1 · Clarifying questions
| Functional scope? | Upload photos, follow users, view feed, view profile, like, comment. No stories, no DMs, no shopping. |
| Media size? | Raw upload: 2–8 MB. We serve multiple resolutions (150px, 320px, 640px, 1080px) — total ~250 KB per processed photo. |
| Scale? | 500M DAU. ~1B uploads/day (~11K writes/sec average, 40K peak). Each photo viewed ~20× → ~20B views/day (~230K reads/sec, ~1M peak). |
| Latency? | Upload: feels-instant feedback (chunked + parallel). Processed-and-visible within 30 s. Feed load P99 ≤ 300 ms. |
| Storage durability? | 11 nines (the photo must not be lost — emotional + sometimes legal weight). |
| Bandwidth? | The dominant cost. Egress is the line item that defines profitability. |
| Multi-region? | Yes. Uploads region-local with cross-region async replication. Reads served by closest edge. |
2 · Capacity math, on a napkin
| Number | Calculation | Result |
|---|---|---|
| DAU | given | 500M |
| Photos/day | 500M × 2 uploads | 1B |
| Upload QPS (avg / peak) | 1B / 86,400 × 4 | ~11K / ~44K |
| View QPS (avg / peak) | 20B / 86,400 × 5 | ~230K / ~1.2M |
| Raw ingest bandwidth (peak) | 44K × 4 MB | ~1.4 Tbps |
| Processed photo size | 4 variants × ~60 KB avg | ~250 KB total |
| Daily raw storage (one copy) | 1B × 4 MB | ~4 PB/day raw |
| Daily processed storage (3× replicas) | 1B × 250 KB × 3 | ~750 TB/day |
| Yearly cold storage | 4 PB/day × 365 | ~1.5 EB/year (tier most after 30 days) |
| Read egress at peak (no CDN) | 1.2M × 200 KB | ~1.9 Tbps origin |
| Read egress with CDN (95% hit) | ×0.05 | ~95 Gbps origin — survivable |
| CDN egress at peak | 1.2M × 200 KB | ~1.9 Tbps from edge — pay by the TB |
The two headline numbers: 1.4 Tbps ingest at peak (so uploads go straight to object storage, not through your app servers) and the CDN doing ~95% of egress (so the origin sees a tiny fraction of the read traffic).
3 · API and data model
Upload flow
POST /v1/uploads/init # client requests upload
{ "filename": "img.jpg", "size_bytes": 4194304, "content_type": "image/jpeg" }
→ 200 {
"upload_id": "u_8aB3x9Q2",
"presigned_url": "https://...s3...?...", # client uploads directly to object storage
"parts": 4, # multipart for files >5 MB
"expires_at": "..."
}
POST /v1/uploads/:id/complete # after S3 multipart complete
→ 201 { "photo_id": "p_8aB3x9Q2", "status": "processing" }
GET /v1/photos/:id # metadata + URLs to processed variants
→ 200 {
"id": "p_8aB3x9Q2",
"owner": "u_abc",
"caption": "...",
"variants": {
"150": "https://cdn.../p_8aB3x9Q2/150.jpg",
"320": "...",
"640": "...",
"1080": "..."
},
"status": "ready"
}
GET /v1/users/:id/feed # follow-graph feedStorage
photos -- Cassandra; partitioned by owner_id
photo_id BIGINT PRIMARY KEY -- Snowflake; time-ordered
owner_id BIGINT
caption TEXT
raw_key TEXT -- S3 key of original
variant_keys MAP<TEXT, TEXT> -- "150" → s3 key, etc.
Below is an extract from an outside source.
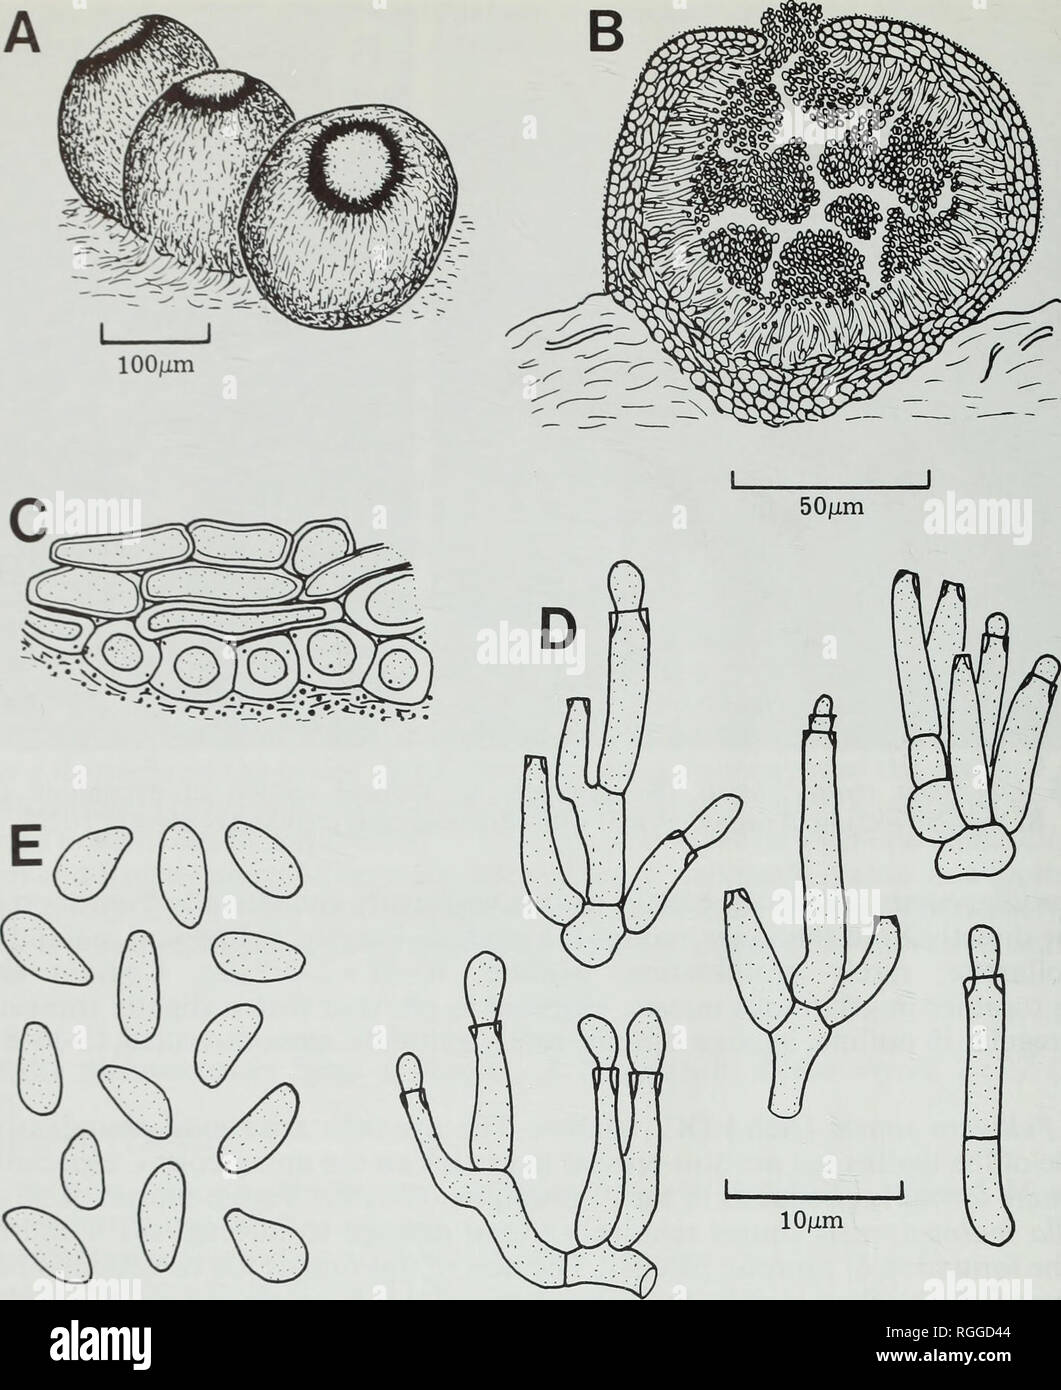 . Bulletin of the British Museum (Natural History). Botany; Botany. 32 D. L. HAWKSWORTH. Fig. 17 Libertiella malmeydensis (K—isotype). A, Pycnidia on the host thallus showing the deeply pigmented ring around the ostiole. B, Vertical section of pycnidium. C, Vertical section of pycnidial wall with granular encrustations on the outer cells. D, Conidiophores and conidiogenous cells. E, Conidia. 1880.' There can consequently be no doubt that Spegazzini's article, which was an appendix to that of Roumeguere, appeared before the printing and distribution of the part ofGrevillea including Cooke's pap Stock Photo
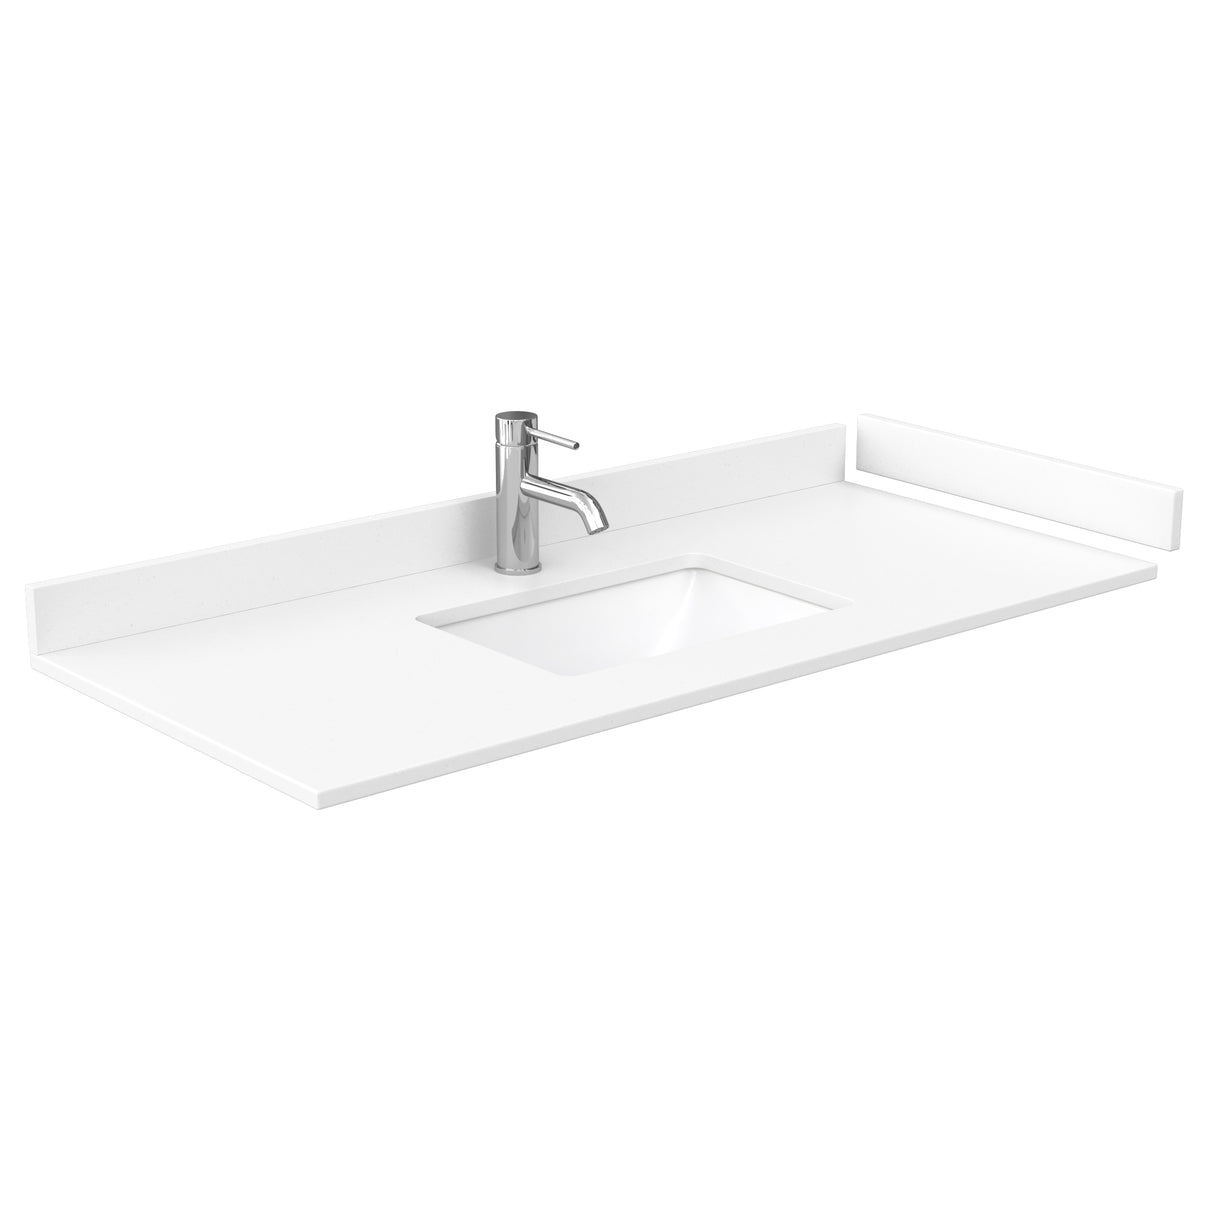 Avery 48 Inch Single Bathroom Vanity in White White Cultured Marble Countertop Undermount Square Sink Matte Black Trim

status VARCHAR(16) -- uploading | processing | ready | failed
created_at TIMESTAMP
INDEX (owner_id, created_at)
photo_metadata -- exif, dims, hashes
photo_id BIGINT PRIMARY KEY
width, height INT
exif JSONB
phash BIGINT -- perceptual hash for dedupe
sha256 VARCHAR(64)
likes -- one row per (user, photo)
user_id, photo_id BIGINT
liked_at TIMESTAMP
PRIMARY KEY ((photo_id), user_id)
follow_graph -- as Twitter
feed -- precomputed home feed
user:{id}:feed → ZSET<photo_id, score>
(kept to ~500 ids)
object_store (S3-shape)
/raw/{photo_id} -- original; cold tier after 30 days
/variants/{photo_id}/{size}.jpg -- served via CDN4 · High-level architecture
Client uploads to S3 directly via a presigned URL — the API server never holds the bytes. On complete, the API enqueues a processing job. Workers fetch the raw image, generate variants, write them back to a different bucket, update metadata, then run moderation and emit a fan-out event. Reads serve from the CDN; the origin only fires on cache miss.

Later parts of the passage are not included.